After a five-minute recess, the hearing proceeded. At the conclusion, County Court found that defendant had not only consumed alcoholic beverages and operated a motor vehicle while intoxicated, as alleged in the declaration of delinquency, but also that he had committed an additional uncharged violation in that he did "enter an establishment where alcoholic beverages were served for consumption and was not there for the purposes of eating a meal”.

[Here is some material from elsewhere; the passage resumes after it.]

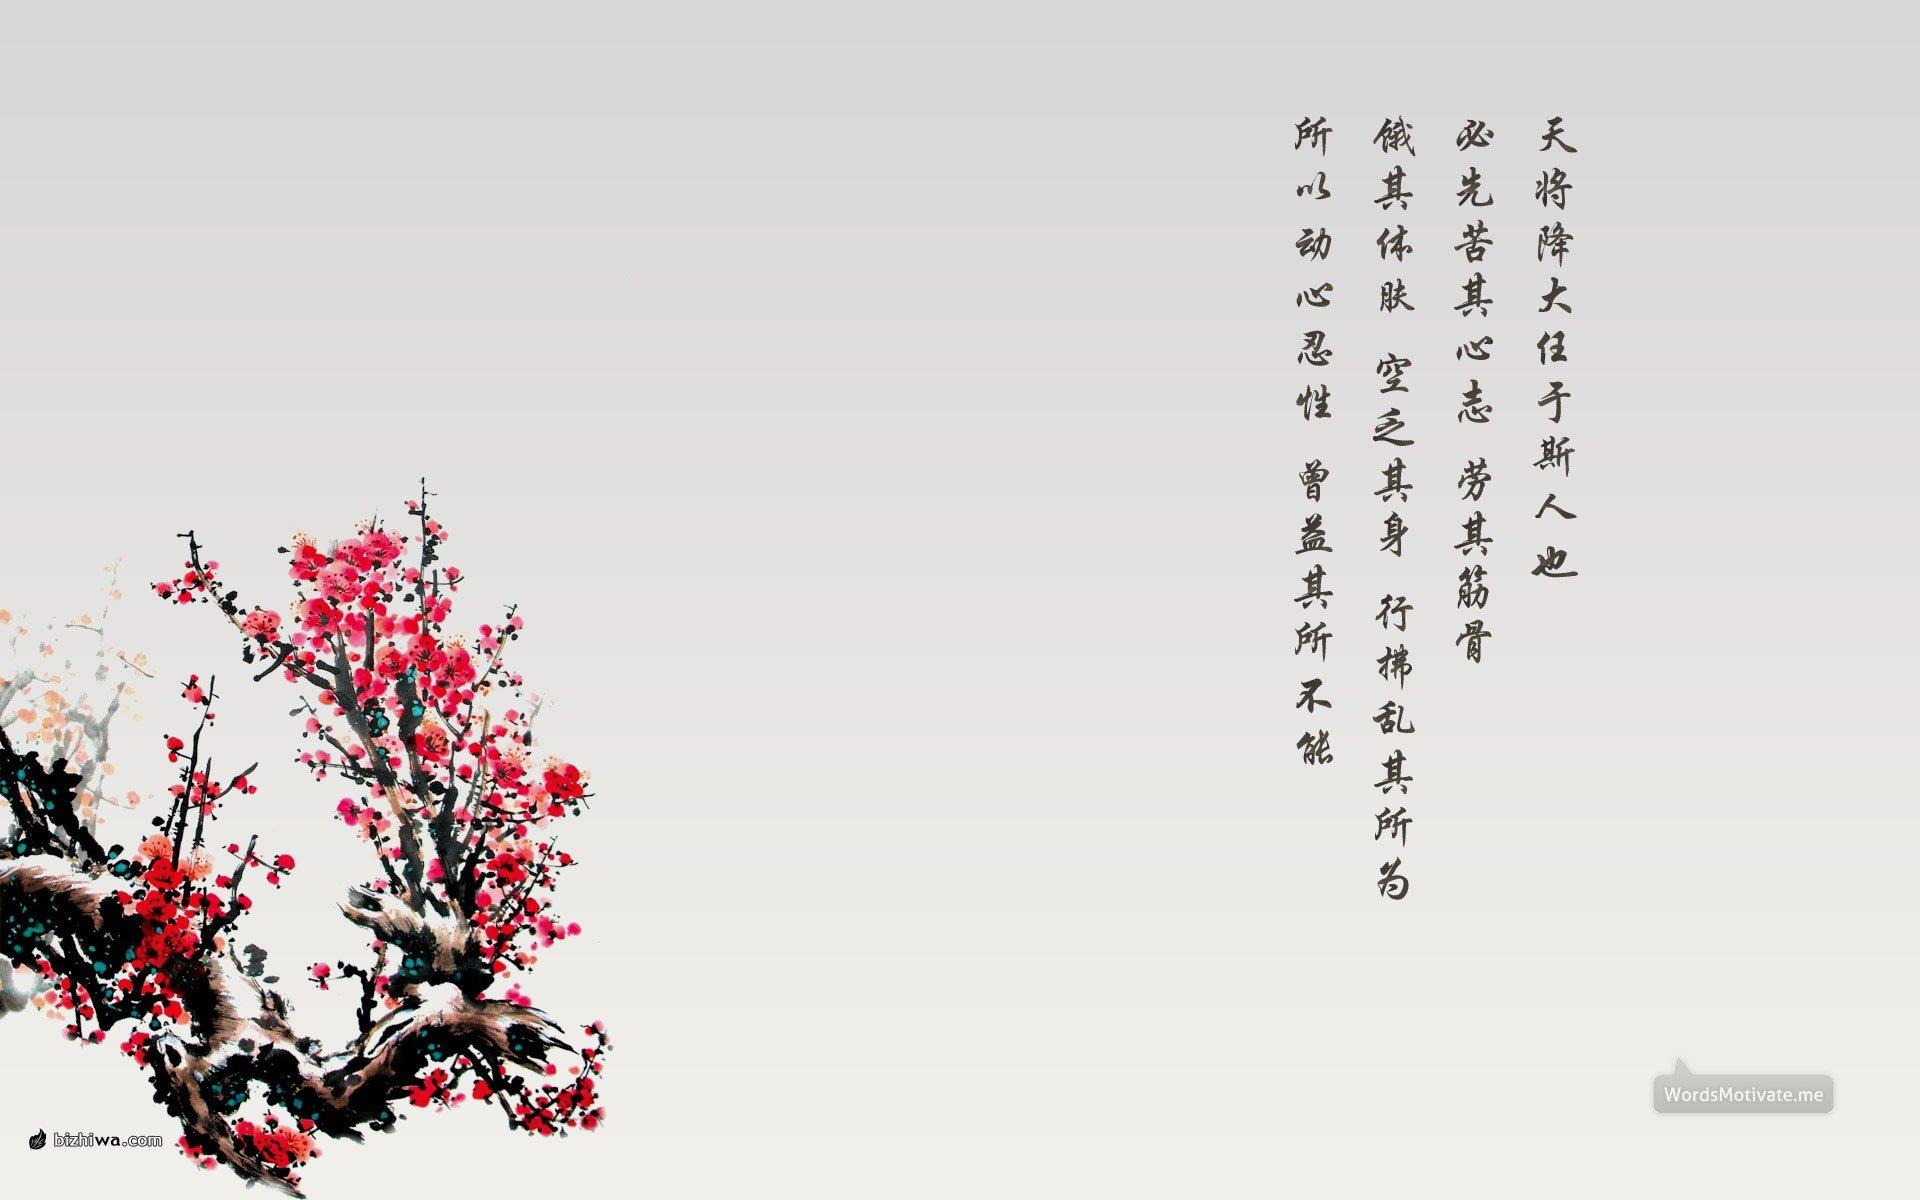 中国写意风景水彩画电脑主题中国写意风景水彩画
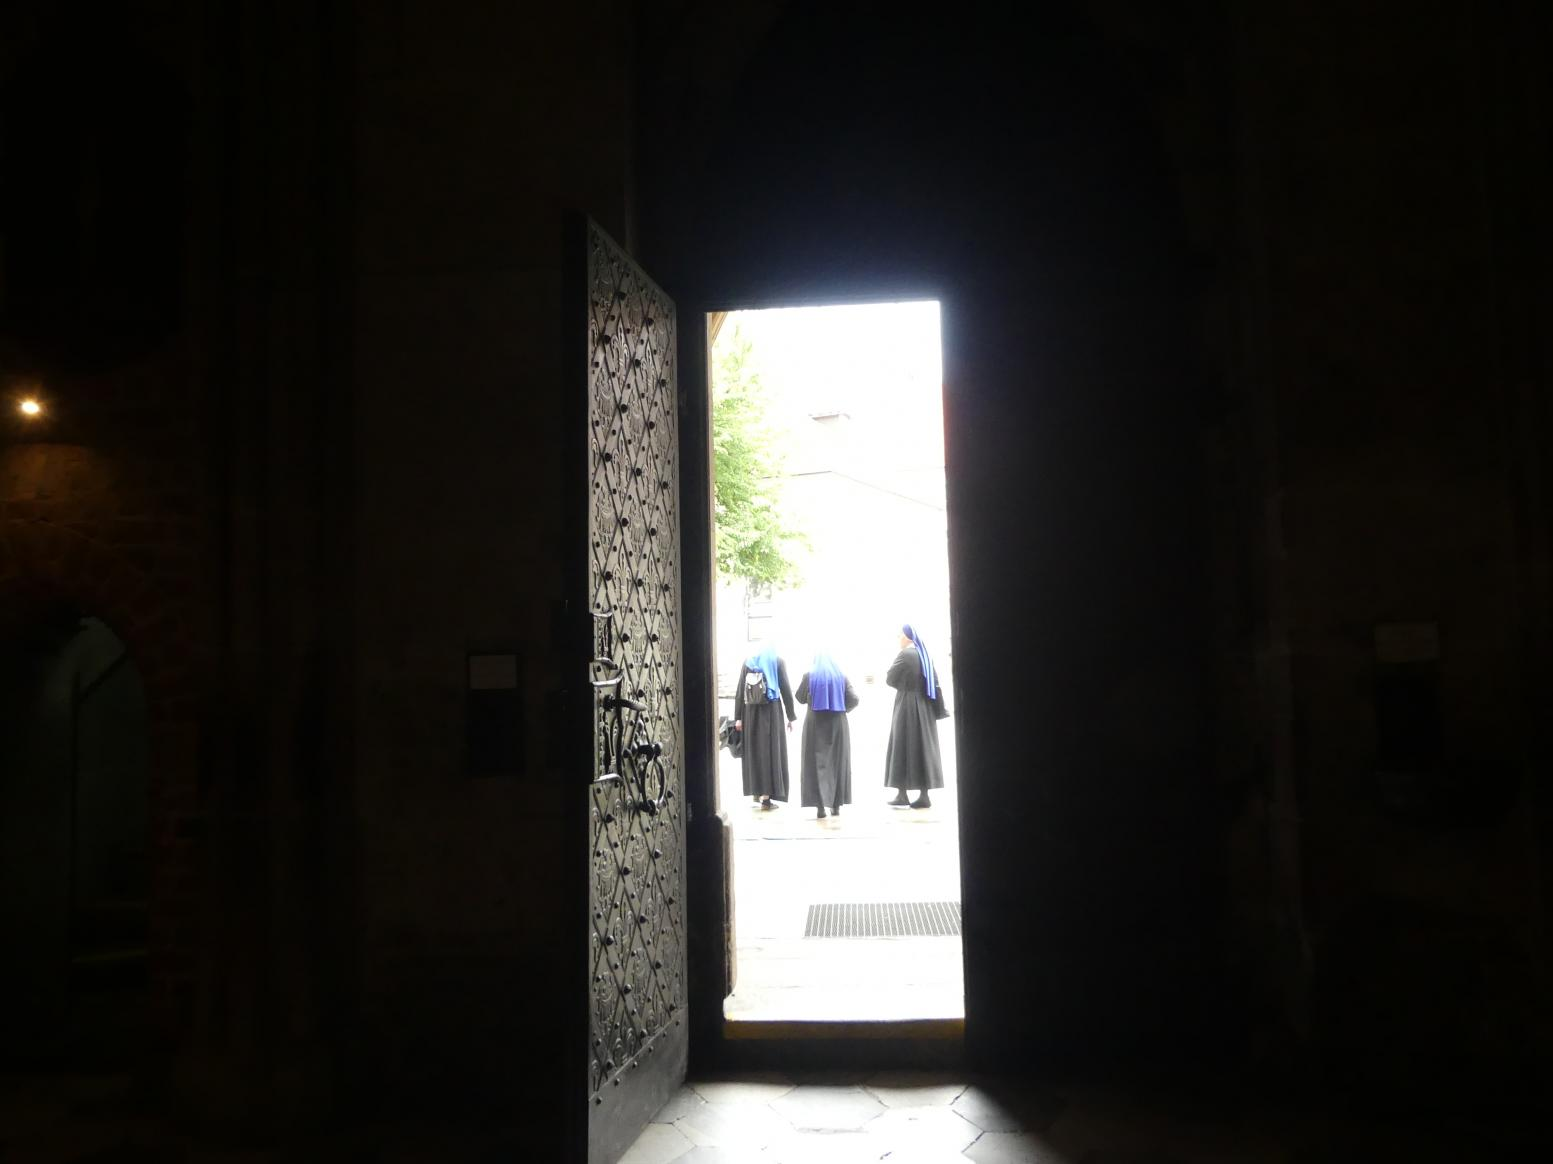 Breslau, Breslauer Dom, Kathedrale St. Johannes der Täufer, Bild 13/14

*979In our view, under the circumstances present here, County Court did not adequately fulfill its obligation to determine the effectiveness of defendant’s waiver of his right to be represented by counsel (see, People v Kaltenbach, 60 NY2d 797, 798-799; People v Sawyer, 57 NY2d 12, 21, cert denied 459 US 1178; People v White, 56 NY2d 110, 117) if, in fact, that right was waived at all. It is fundamental that the right to counsel extends to probation revocation proceedings (see, CPL 410.70 [4]; People v Keefe, 131 AD2d 937) and the Court of Appeals has consistently held that this right may not be waived unless the court makes "a sufficiently searching inquiry for it to be reasonably assured that the defendant appreciated the 'dangers and disadvantages’ of giving up the fundamental right to counsel” (People v White, 56 NY2d 110, 117, supra, quoting Faretta v California, 422 US 806, 835; see, People v Kaltenbach, supra; People v Sawyer, supra). To advise a defendant that the charges are serious, that they could result in a State prison sentence and that he would be better served by legal representation is not sufficient (see, People v Kaltenbach, supra, at 799; People v Sawyer, supra). Rather, the precautionary inquiry must warn defendant of the " 'risks inherent in representing himself or apprise him of 'the value of counsel’ ” (People v Kaltenbach, supra, at 799, quoting People v Harris, 85 AD2d 742, 744, affd on mem below 58 NY2d 704). As we read the record, County Court made no such inquiry here.
Since our determination requires remittal to County Court for a new hearing, we need not consider defendant’s remaining contentions.
Judgment reversed, on the law, indeterminate prison sentence of 1 to 3 years vacated and sentence of five years’ probation reinstated, and matter remitted to the County Court of Otsego County for further proceedings not inconsistent with this court’s decision. Casey, J. P., Weiss, Mikoll, Yesawich, Jr., and Mercure, JJ., concur.
. Although the written conditions of probation have not been included in the record on appeal, there is no dispute as to the conditions alleged in the declaration of delinquency.
. By this time, the underlying charge of driving while intoxicated had been resolved in a local criminal court without an alcohol-related conviction.